In a spare one-room office at Nasa’s Silicon Valley campus, a small band of futurists is plotting to save the world. The means are not a revolutionary technology or a new world order (though both may be byproducts). Rather, a new, pseudo-academic institution called Singularity University is going to solve our grand challenges: poverty, hunger, energy scarcity and climate change. Among others. Through a combination of techno-optimism, wide-eyed idealism and belief in the perfectibility of human beings, these well-connected geeks are creating an institution meant to legitimise their most extreme thinking.

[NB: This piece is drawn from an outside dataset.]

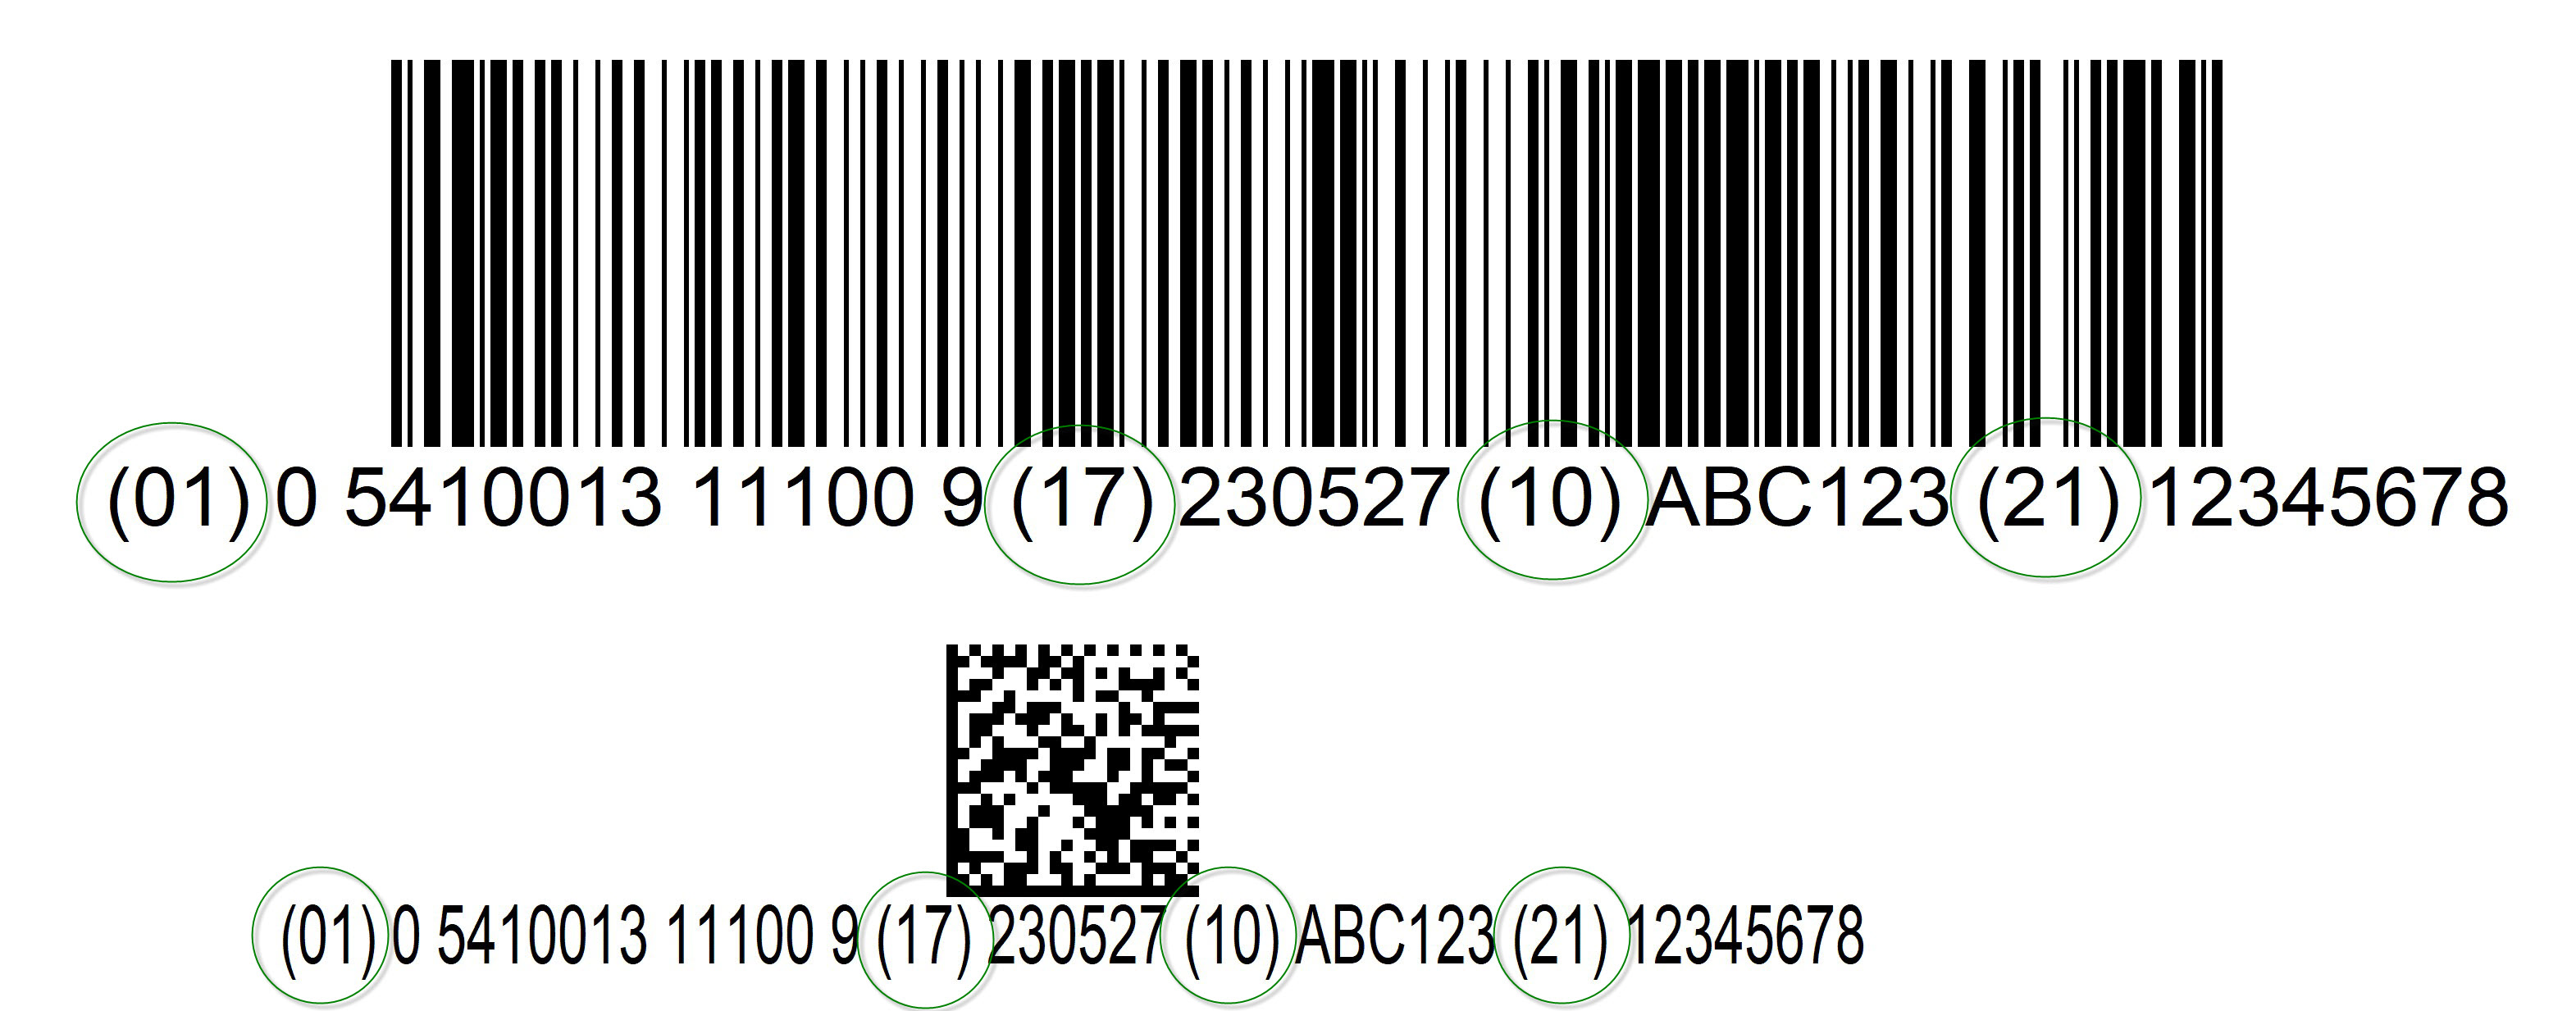 Barcodes Dec 2020
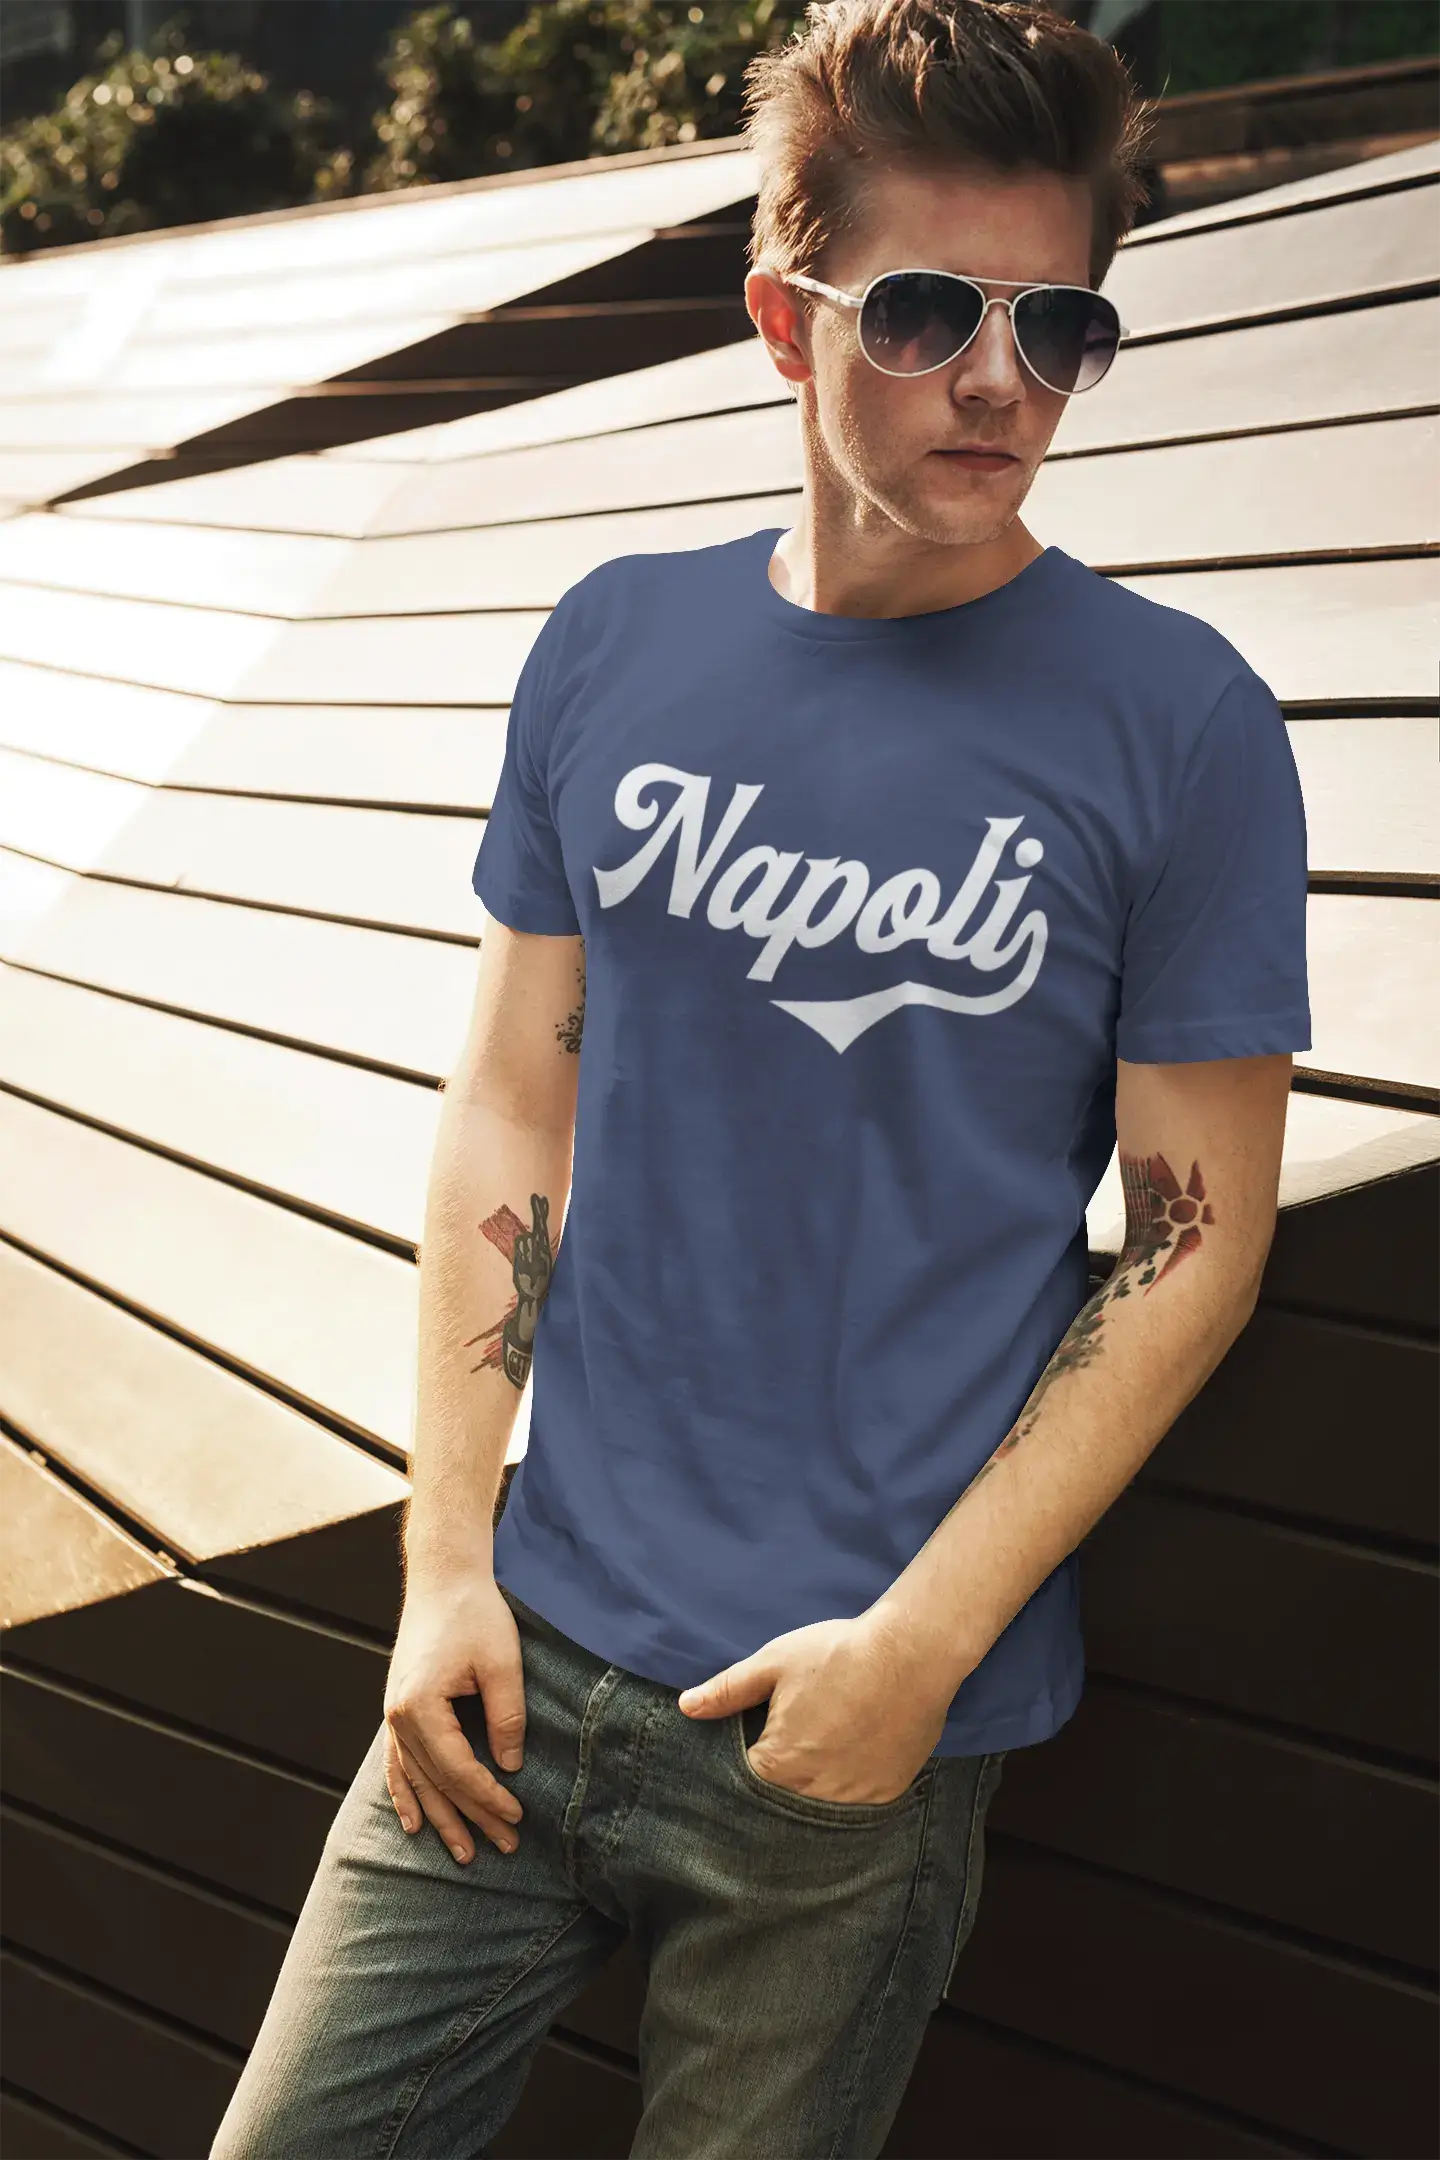 ULTRABASIC – Napoli-T-Shirt aus Denim <span>für Herren</span> <span>mit</span> <span>Grafikdruck</span>

Forgive them for dreaming big. We’re in, after all, the cradle of the personal computer industry, the neighbourhood that brought forth Hewlett-Packard, Apple and Intel. The Googleplex is just north of SU’s office, Yahoo’s campus just south. Nasa tests the wings of its spacecraft here. Stanford University is up the road. And the Singularity team has landed some of these titans as partners in its endeavour.
Nasa offers more than office space: it’s the host, and will grant access to its specialists and facilities. Pete Worden, the director at Nasa’s Silicon Valley-based Ames Research Centre, is an enthusiastic supporter and brought the university on campus. Meanwhile, Google, the first corporate partner, has contributed $250,000 – and Google co-founder Larry Page attended the first meeting on the university last autumn. As one Singularity staffer said: “Here in Silicon Valley, we’re at the centre of the vortex.”